There have been no changes in the critical accounting policies disclosed in the Company's Form 10-K for the year ended December 31, 2022.

Recently Issued Accounting Pronouncements

Please read Note 2, Summary of Significant Accounting Policies, Recently Issued Accounting Pronouncements in our condensed consolidated financial statements in this report.

Off-Balance Sheet Arrangements

From time-to-time, we enter into off-balance sheet arrangements and transactions that can give rise to off-balance sheet obligations.  As of September 30, 2023, the off-balance sheet arrangements and transactions that we have entered into include purchase agreements. We do not believe that these arrangements are reasonably likely to materially affect our liquidity or availability of capital resources.
21



Special Note Regarding Forward-Looking Statements

Except for historical information contained herein, the statements in this report are forward-looking and made pursuant to the safe harbor provisions of the Private Securities Litigation Reform Act of 1995. Forward-looking statements involve known and unknown risks and uncertainties, which may cause our actual results in future periods to differ materially from forecasted results. Those risks include, among other things, the loss of market share through competition or otherwise; the introduction of competing technologies by other companies; a prolonged, substantial reduction in oil and natural gas prices, which could cause a decline in the demand for our products and services; and new governmental safety, health and environmental regulations, which could require us to make significant capital expenditures. The forward-looking statements included in this Form 10-Q are only made as of the date of this report, and we undertake no obligation to publicly update such forward-looking statements to reflect subsequent events or circumstances. A discussion of these and other risk factors is included in our Annual Report on Form 10-K for the year ended December 31, 2022 filed with the SEC.

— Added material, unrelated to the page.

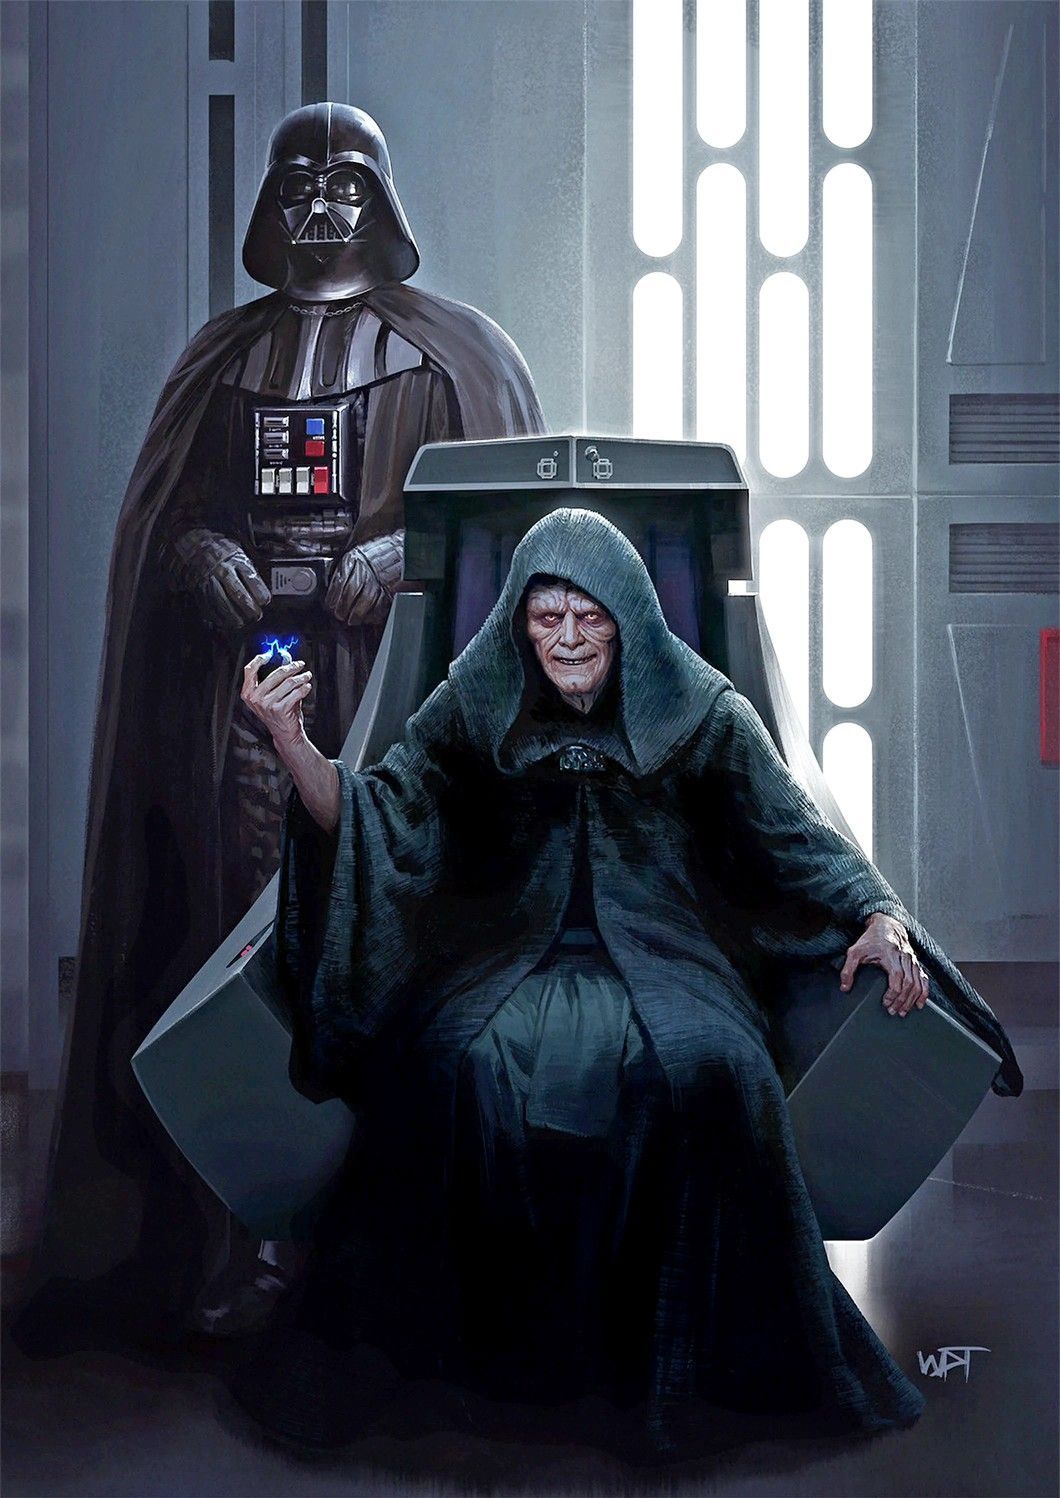 Lord Vader and Lord Palpatine. Star wars picture, Star wars

Item 3.   Quantitative and Qualitative Disclosures about Market Risk

There have been no changes in the market risks disclosed in the Company's Form 10-K for the year ended December 31, 2022.

Item 4.  Controls and Procedures

Evaluation of Disclosure Controls and Procedures.

    Our management, including the Interim Chief Executive Officer and our Interim Chief Financial Officer, is responsible for establishing and maintaining adequate internal control over financial reporting (“ICFR”), as defined in Rule 13a-15(f) and 15d-15(f) under the Exchange Act. Our internal control over financial reporting is designed to provide reasonable assurance regarding the reliability of financial reporting and the preparation of the consolidated financial statements for external purposes in accordance with GAAP.

Because of its inherent limitations, internal control over financial reporting may not prevent or detect misstatements. Also, projections of any evaluation of effectiveness to future periods are subject to the risk that controls may become inadequate because of changes in conditions, or that the degree of compliance with the policies or procedures may deteriorate.

Our management conducted an evaluation of the effectiveness of the Company’s internal control over financial reporting as of September 30, 2023, based on the Internal Control – Integrated Framework (2013) issued by the Committee of Sponsoring Organizations of the Treadway Commission (COSO).

Based on the results of this evaluation, the Company’s management concluded that internal control over financial reporting was not effective as of September 30, 2023, due to the material weakness listed below.

A material weakness is a deficiency, or a combination of deficiencies, in ICFR, such that there is a reasonable possibility that a material misstatement of our annual or interim financial statements will not be prevented or detected on a timely basis.

Management identified a material weakness in its internal control over financial reporting at December 31, 2022, over our inventory process which still exists as of September 30, 2023. Specifically, we have identified issues related to: (i) the classification of inventory work in progress; (ii) year-end physical inventory count procedures, and (iii) the process to review and approve inventory adjusting journal entries.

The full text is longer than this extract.